Look more closely, however, and the picture gets more interesting. There is suggestive evidence that hiring of younger workers into exposed occupations has slowed, even as overall employment remains stable — consistent with firms reducing headcount through attrition rather than redundancy. And the flow data from job advertisements tells a richer story than the stock data from employment surveys.8

A companion article in this series presents our own analysis of vacancy data, examining who is hiring for AI skills, in which roles, and how advertised wages in exposed occupations are evolving.

What this means for policy — and practice

The combination of the Acemoglu-Restrepo framework, the J-curve thesis, and the task-based evidence points to a challenging but navigable landscape. The risks are real but not yet realised. The window for proactive planning is open but will not stay open indefinitely.

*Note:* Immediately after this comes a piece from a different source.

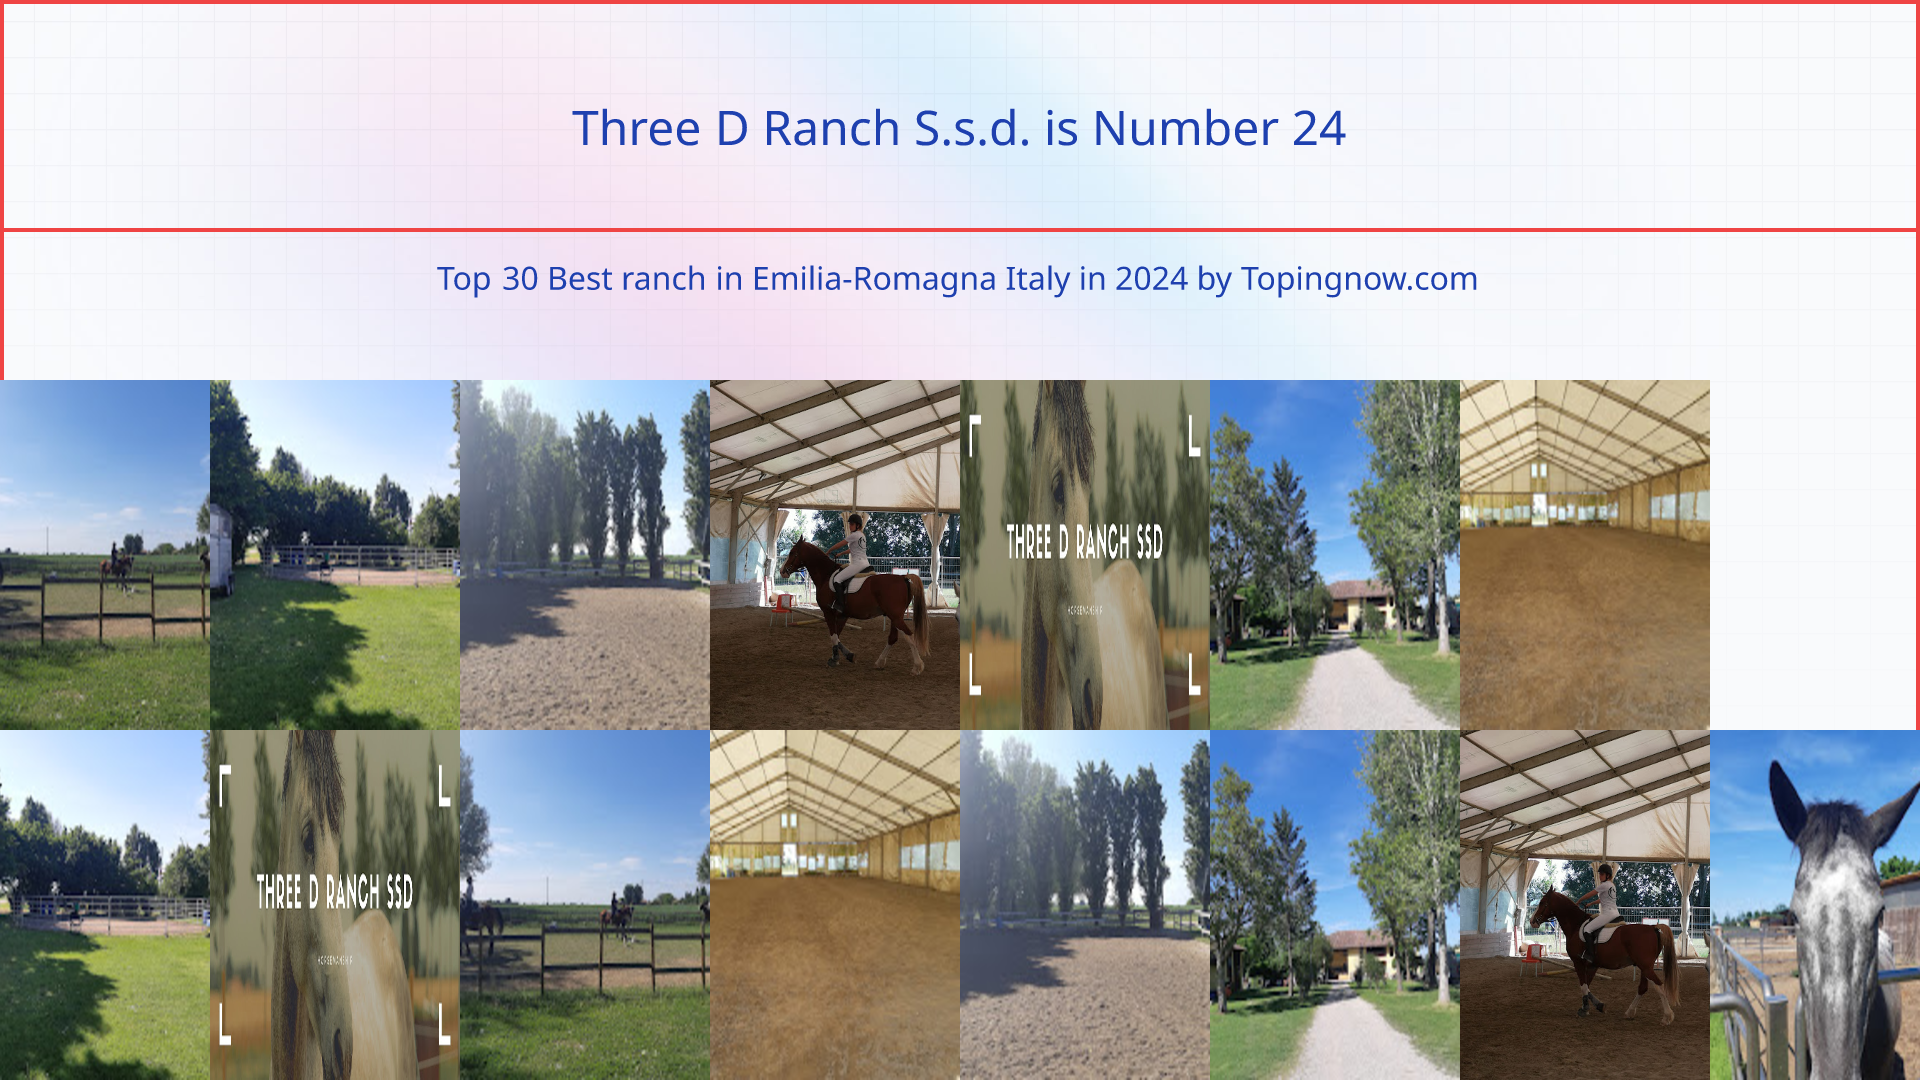 Three D Ranch S.s.d.: Top 30 Best ranch in Emilia-Romagna Italy in 2024
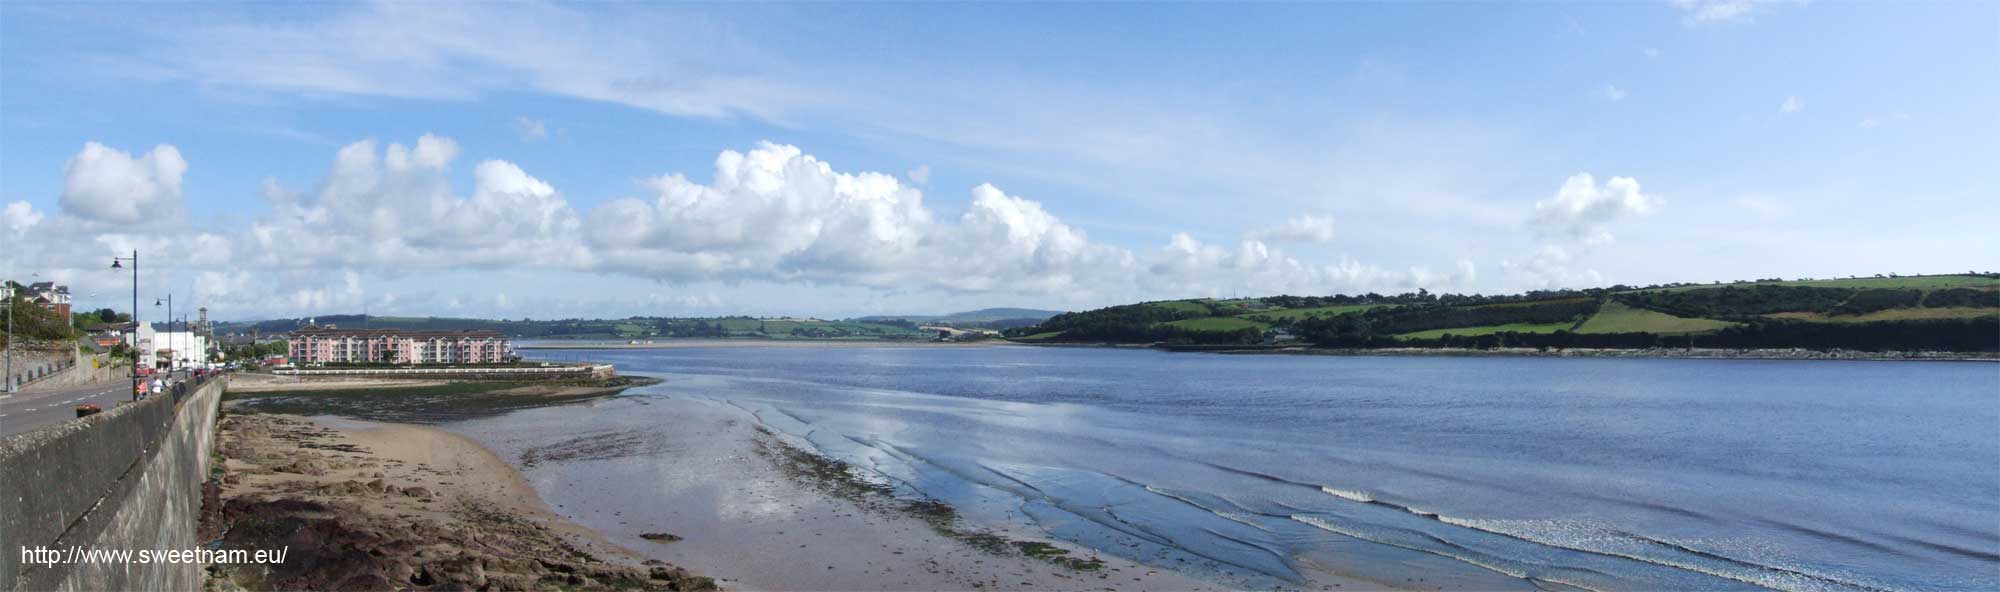 Panoramic photo of Youghal looking up the Rivert Blackwater, taken from the viewing platform by Youghal Lighthouse.

For regional and local government, the most valuable step is to understand the specific occupational profile of your area. The same technology will hit different places very differently, depending on the mix of industries and occupations, the demographic profile of exposed workers, and the availability of retraining pathways. Generic national-level exposure figures are a poor guide to local policy. The next article in this series explores what a place-based analysis looks like in practice.

For firms, the question is not whether to adopt AI but how to reorganise around it. The companies that treat AI as a tool to bolt on to existing processes will capture a fraction of its value. Those that rethink how work is structured — which tasks belong together, which can be delegated to machines, and which new capabilities become possible — will capture far more. A later article sets out a framework for approaching this.

Notes

  1. The accountancy example is illustrative. Autor (2015) discusses this and other cases in "Why Are There Still So Many Jobs? The History and Future of Workplace Automation," Journal of Economic Perspectives, 29(3), 3–30.
  2. Acemoglu, D. and P. Restrepo (2019). "Automation and New Tasks: How Technology Displaces and Reinstates Labor." Journal of Economic Perspectives, 33(2), 3–30. See also Acemoglu, D. and P. Restrepo (2018). "Artificial Intelligence, Automation and Work." NBER Working Paper No. 24196.
  3. Brynjolfsson, E., D. Li, and L. Raymond (2023). "Generative AI at Work." NBER Working Paper No. 31161.
  4. Eloundou, T., S. Manning, P. Mishkin, and D. Rock (2023). "GPTs are GPTs: An Early Look at the Labor Market Impact Potential of Large Language Models." arXiv:2303.10130.
  5. Gmyrek, P., J. Berg, and D. Bescond (2025). "The jobs and skills implications of generative artificial intelligence." ILO Working Brief 17.
  6. Gmyrek et al. (2025) find that women are roughly twice as exposed as men in high-income countries, driven largely by the concentration of women in clerical and administrative roles. Pizzinelli et al. (2023) at the IMF report a similar finding across a wider set of countries.
  7. Gans, J.S. and A. Goldfarb (2026). "O-Ring Automation." NBER Working Paper 34639.
  8. Anthropic's own research finds no systematic increase in unemployment for highly exposed workers since late 2022, but suggestive evidence that hiring of younger workers has slowed in exposed occupations. See Massenkoff, M. and P. McCrory (2026). "Labor market impacts of AI: A new measure and early evidence." Anthropic Research.